Tuesday, 19 January 2016

Revisiting 'Mindhunters' (2004)

This movie proves the rule that anything starring Clifton Collins Jr. cannot be that bad.

While I would not say that Mindhunters is an underrated classic, it is a fun b-movie with an interesting premise, some good acting and inventive set pieces. It's basically Agatha Christie's And Then There Were None, except that the victims are a team of rookie FBI profilers on a routine training mission to an island where police and military carry out exercises in a fake town set filled with mannequins and monitored by hidden cameras -- so that the instructors can monitor their student's progress.

In this case, a tough, idiosyncratic instructor (Val Kilmer) has left his class on the island with an unusual assignment -- to use their skills to find a serial killer who is killing the fictional island inhabitants. However, shortly after they arrive, someone begins to hunt the students down and kill them in various elaborate ways. Now the rookies have to band together to hunt down the real killer, who may be one of their own...
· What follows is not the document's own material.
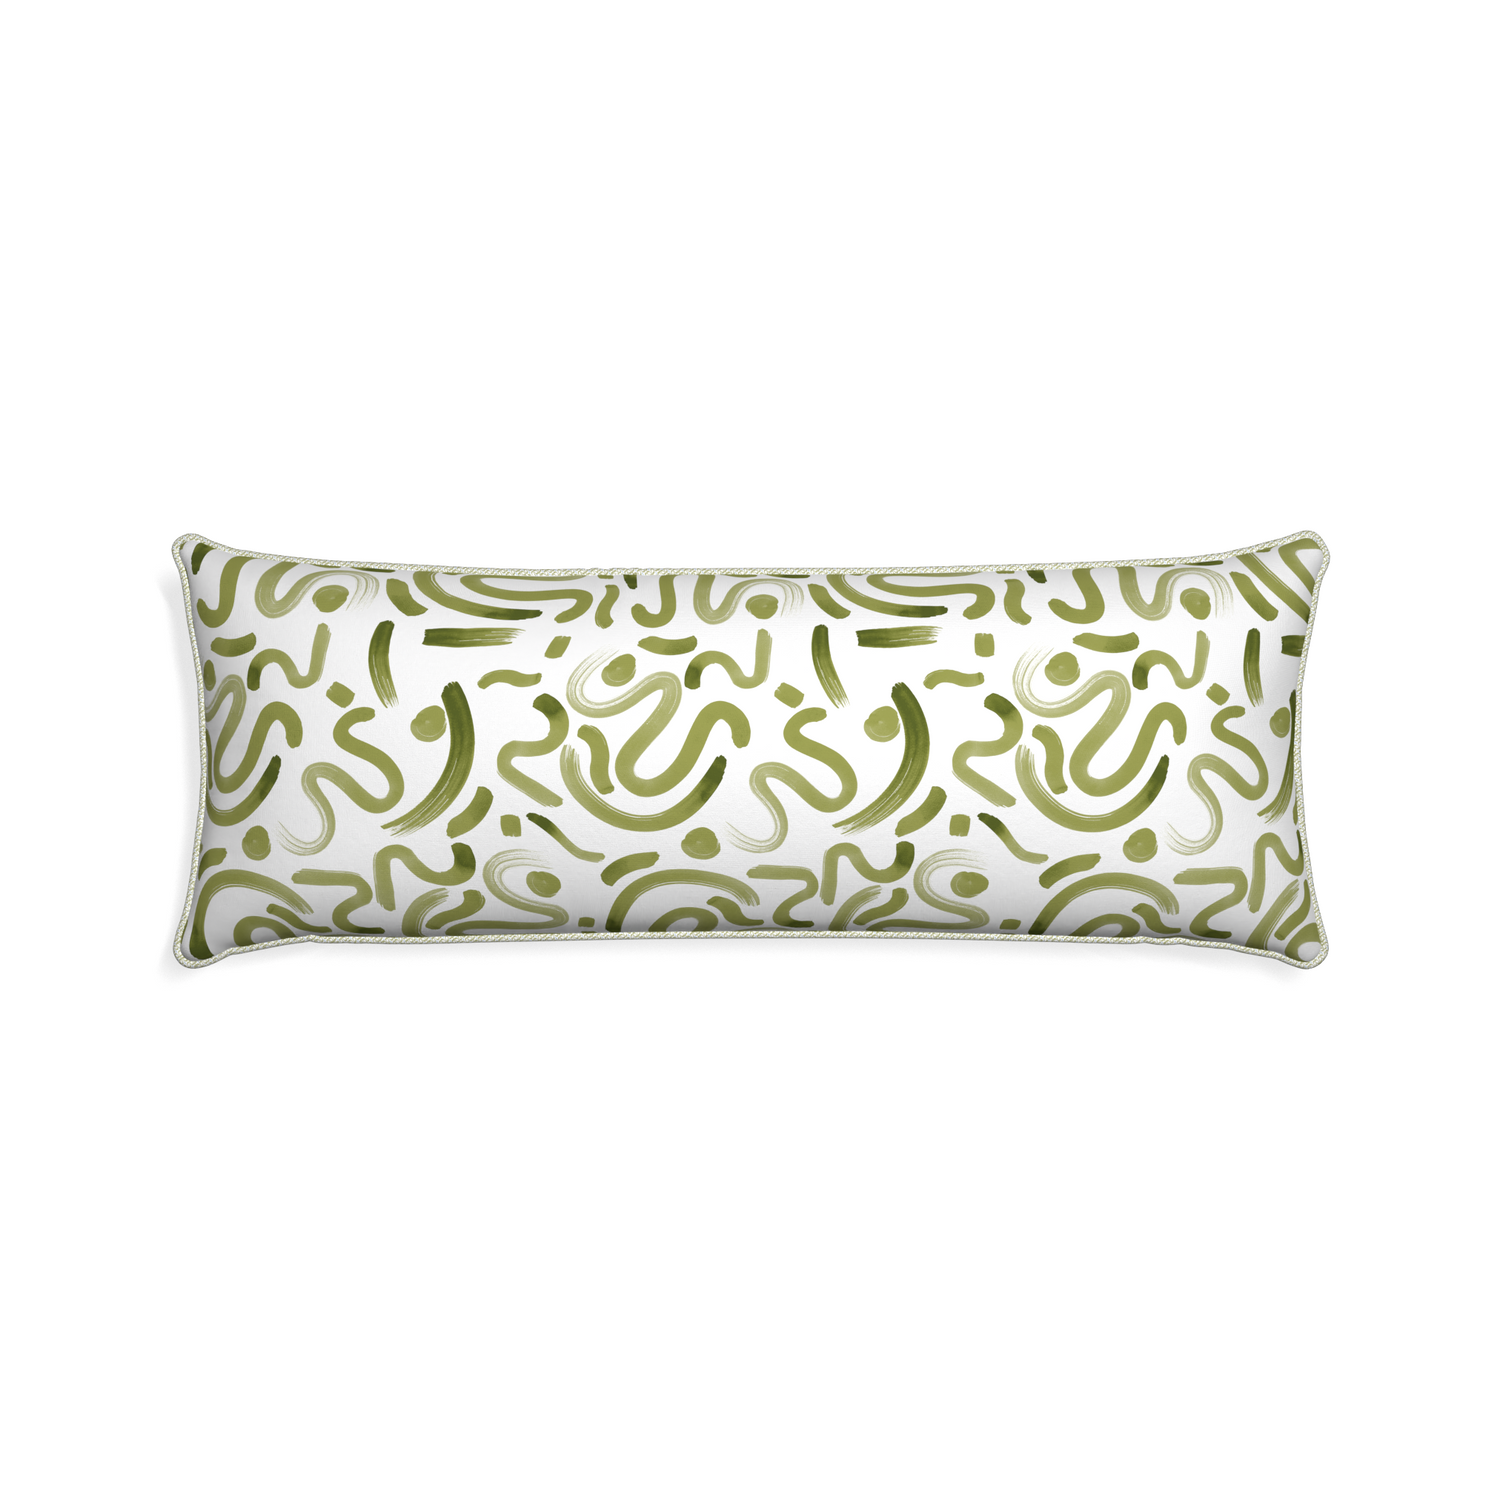 Xl-lumbar hockney moss custom moss greenpillow with l piping on white background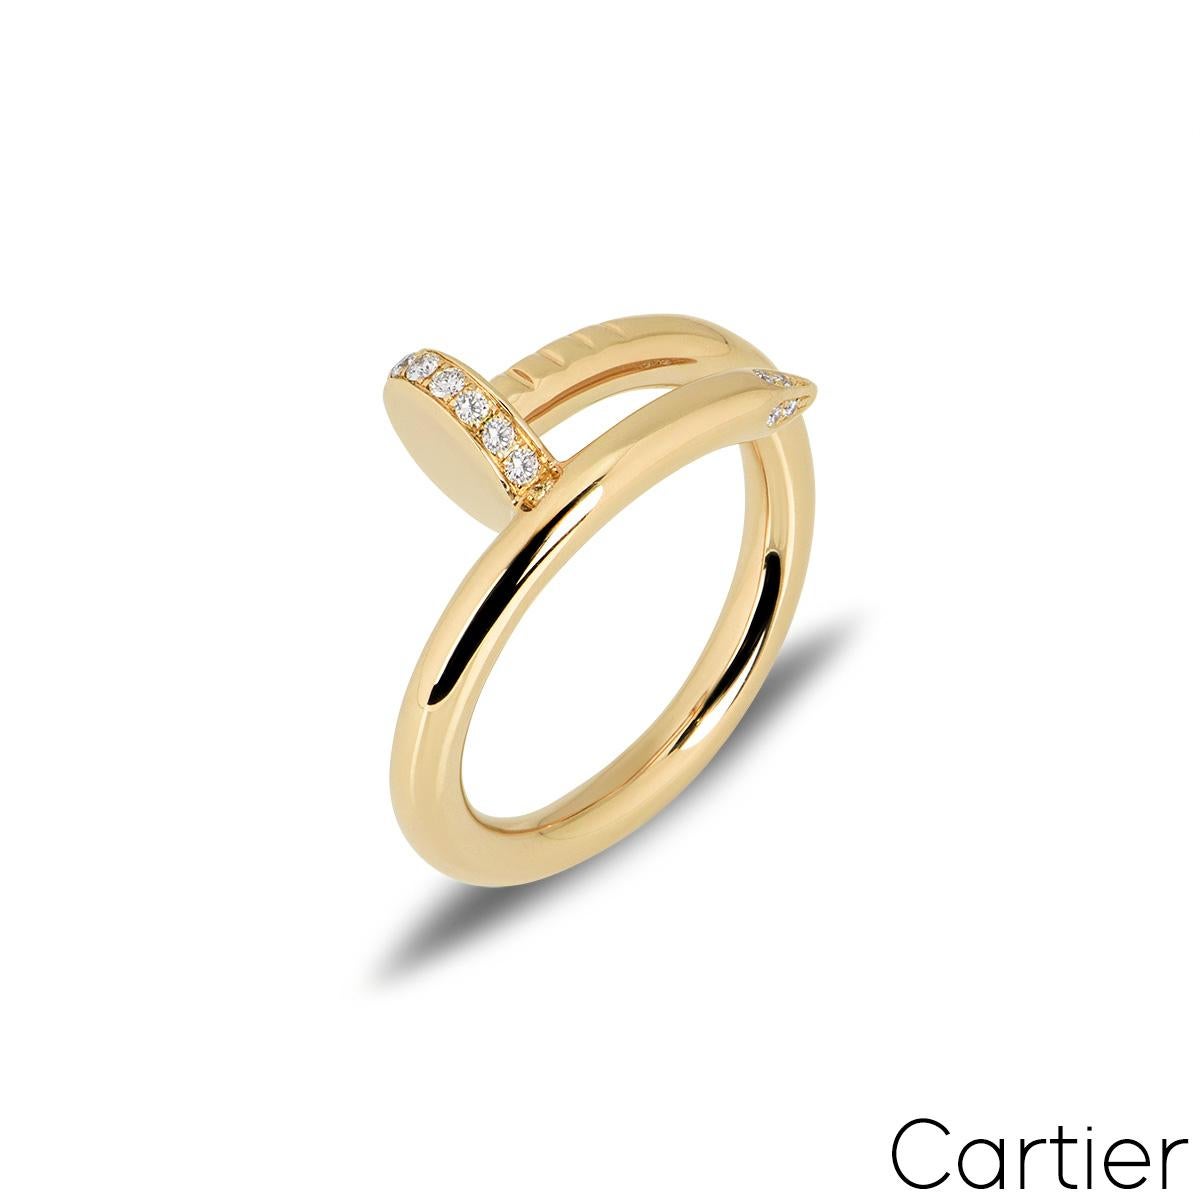 A stylish 18k yellow gold Cartier diamond ring from the Juste Un Clou collection. The ring is in the style of a nail and has 22 round brilliant cut diamonds pave set in the head and tip with a total weight of 0.13ct. The ring is size 48 and has a

Directed by schlockmeister Renny Harlin, don't go into this expecting subtlety. However, what it lacks in nuance, Mindhunters makes up for in entertainment value.

The premise is a tad contrived, but it is well-realised. The characters are given a modicum of personality and the cast (including Kathryn Morris, Christian Slater, and Johnny Lee Miller) are not sleep-walking through their roles. Even LL Cool J is solid as a late addition to the team with his own motives for joining the group. The standout, as already mentioned, would have to be Clifton Collins Jr. as a disabled, paranoid profiler who refuses to go anywhere without his sidearm. 

The island setting is suitably eerie and Harlin's direction, while occasionally over-stylised, is surprisingly effective in conveying the necessary mood and tension. The students are killed in ways which reflect a specific element of their personality -- it is a pretty schlocky gimmick, but Harlin manages to prolong the build-up to the kills so that you never sure exactly how each character are going to die until the last moment. 

Are there flaws? Sure. The kills are momentarily clever, but the whole thing falls apart if you think about any of it too hard. The characters are not that deep, and their personalities can be boiled down to a few key ingredients. The tone is appropriately dark, although it does get to feel a little oppressive at times. Films like these generally manage to leaven their darker moments with a tinge of dark wit, but that is not really the case here. 

Roger Ebert put it best in his review: "Is the film worth seeing? Well, yes and no. Yes, because it is exactly what it is, and no, for the same reason."

If you are looking for a good thriller that is not as smart as you are, Mindhunters is that movie.